First find three or more primes in arithmetic progression. You can easily show that the first prime is not 2; if the first prime is 3 then there are no more than three numbers in the progression because the fourth number is divisible by 3; if the first prime is >= 5 then the difference between the primes is a multiple of 6, otherwise one of the next two numbers is divisible by 3.

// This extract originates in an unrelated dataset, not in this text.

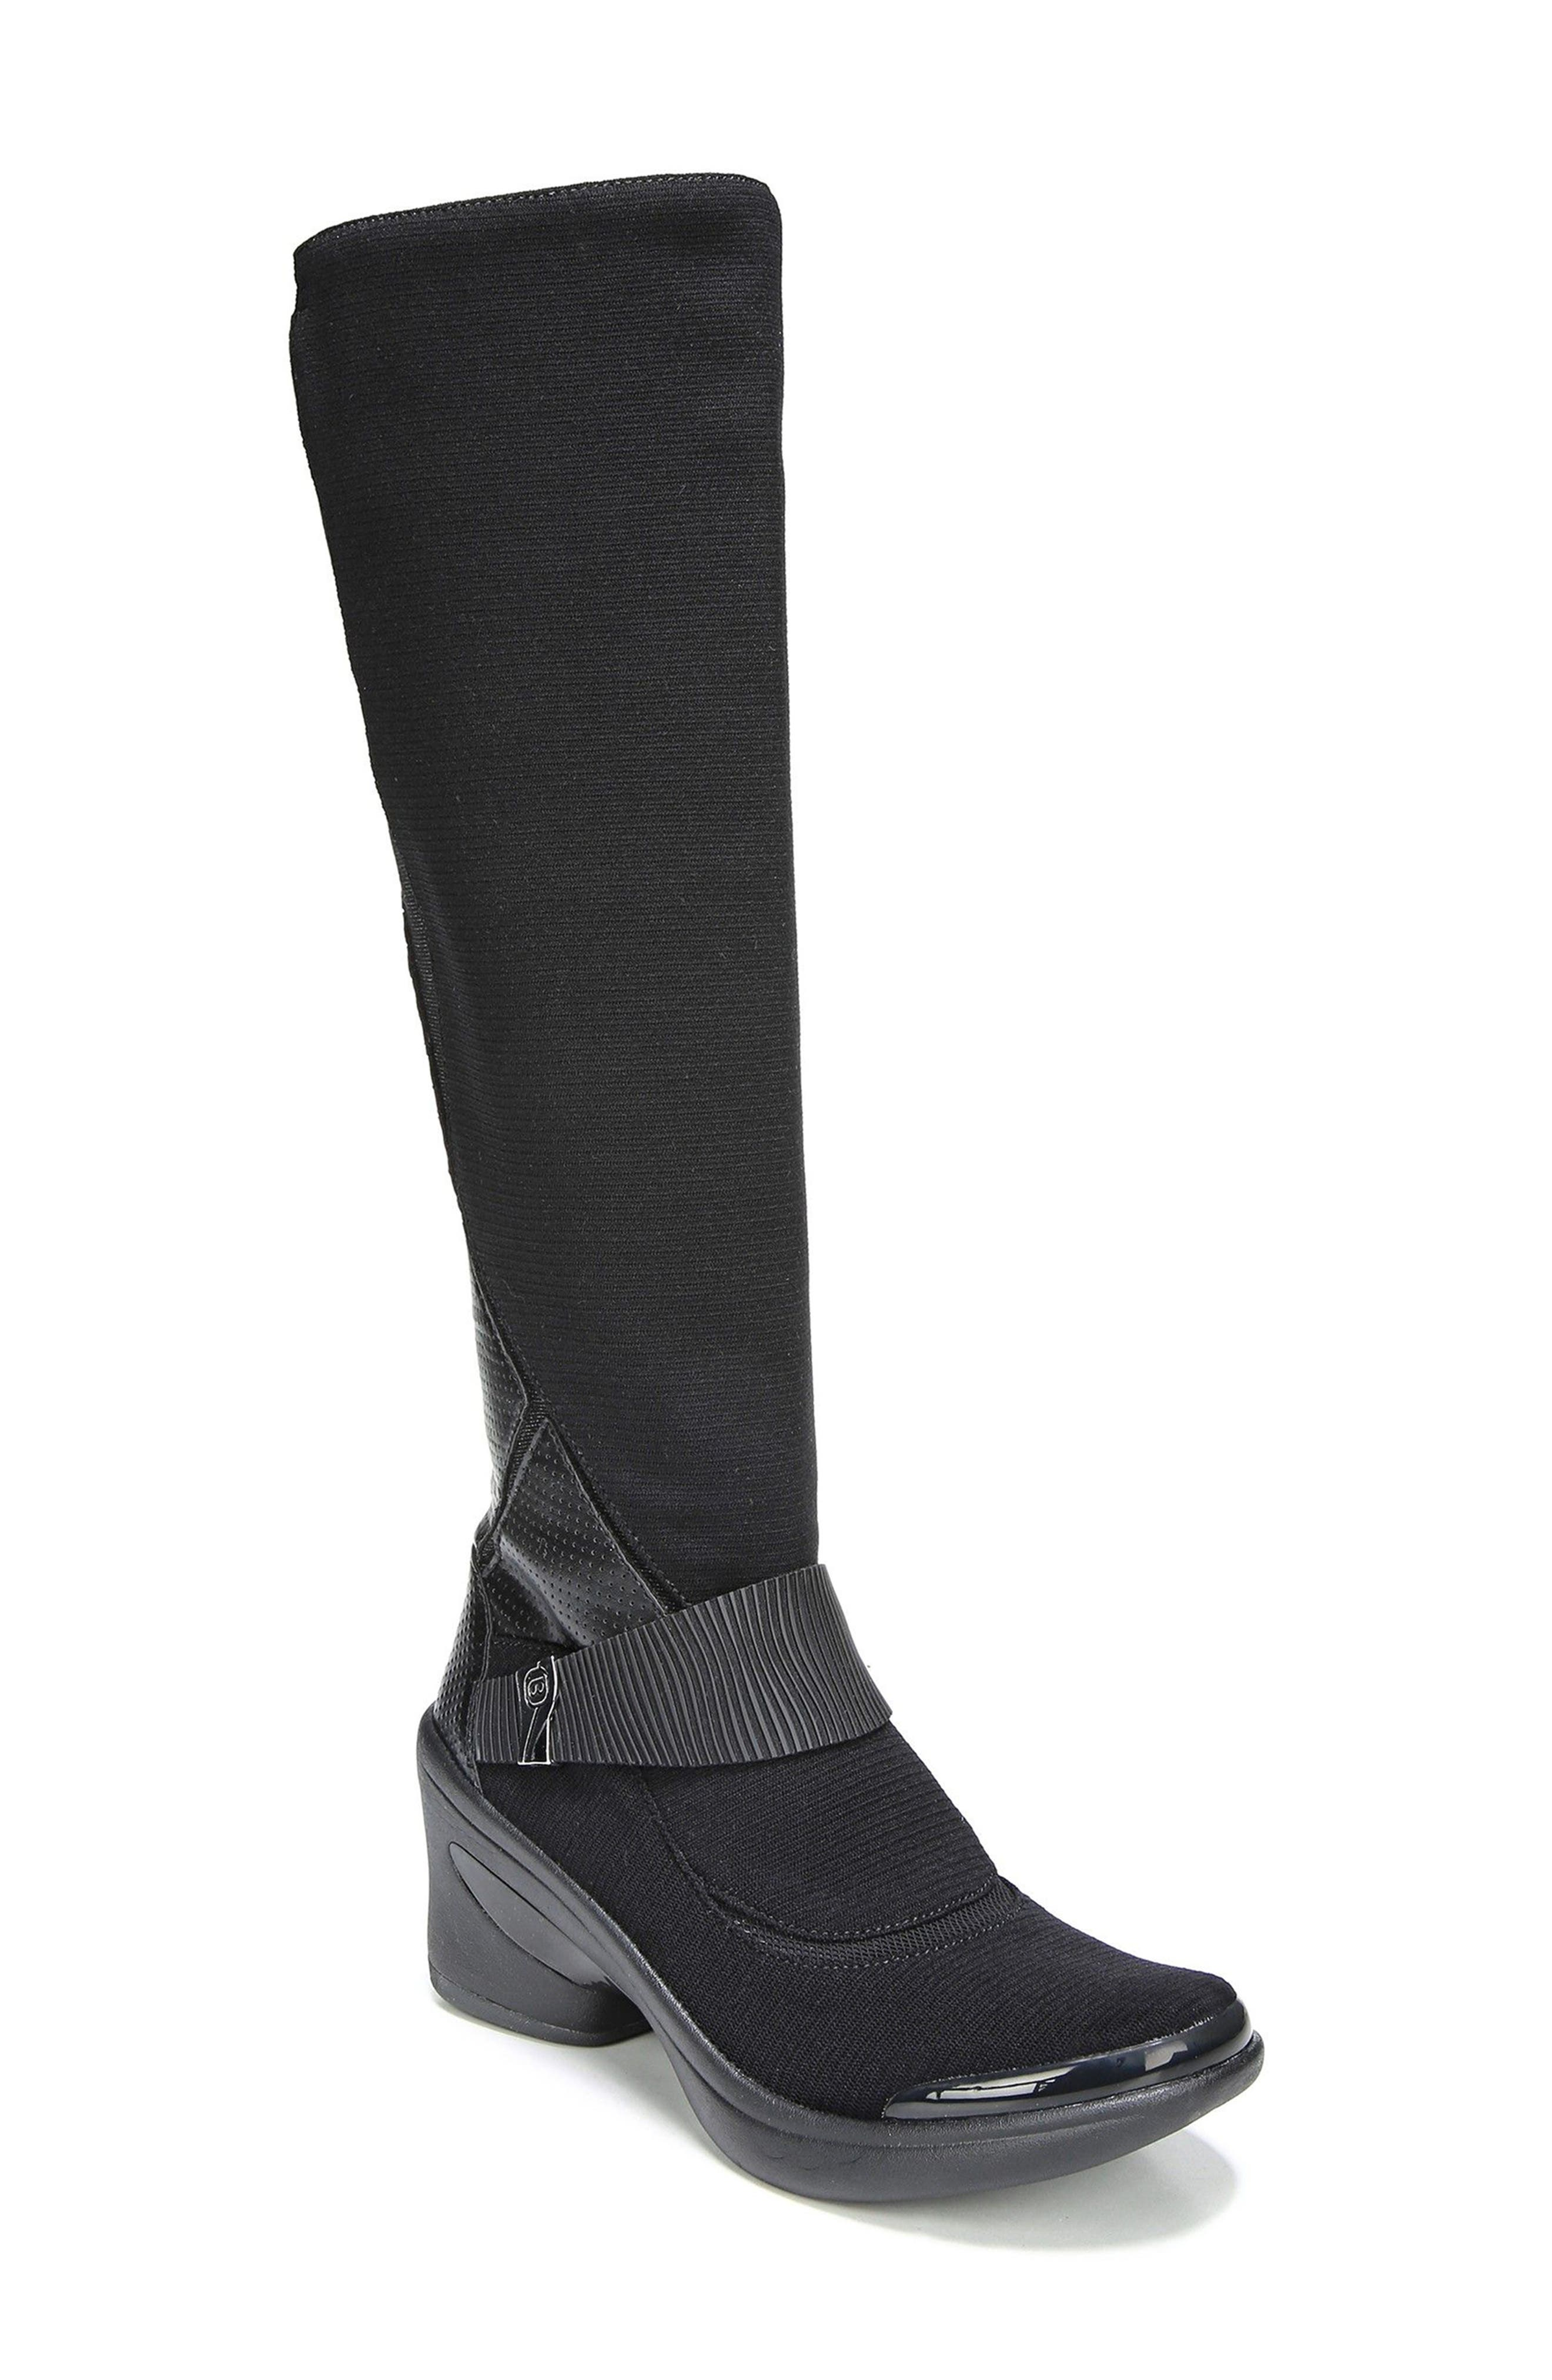 Enchanted Boot,                             Main thumbnail 1, color,                             Black Fabric

Then count the number of integers $2^{k-1} <= N < 2^k$ where N has three or more distinct prime factors in arithmetic progression, say for k <= 60. You do this by creating a table of primes, finding all primes p, q, r in arithmetic progression with pqr < 2^k from that table (that’s fast, because r = 2q - p, and pqr < 2^k limits the possibilities), then adding pqr to the table, possibly multiplied by p, q, r. And of course the same for more primes in arithmetic progression. But there will be few since their product is limited.

And then you look at your numbers and estimate the chances to find four numbers in arithmetic progression in the table. That chance will be quite small for k = 60. Then you see how these chances change with k, and if the shrink quickly with k, then finding four numbers will be unlikely.

That doesn’t mean it’s impossible, but it might be.

PS. The table of primes you need is not large, the largest r would happen if 3p(2p-3) < 2^k, so the largest r is less than sqrt(2^k * 2/3).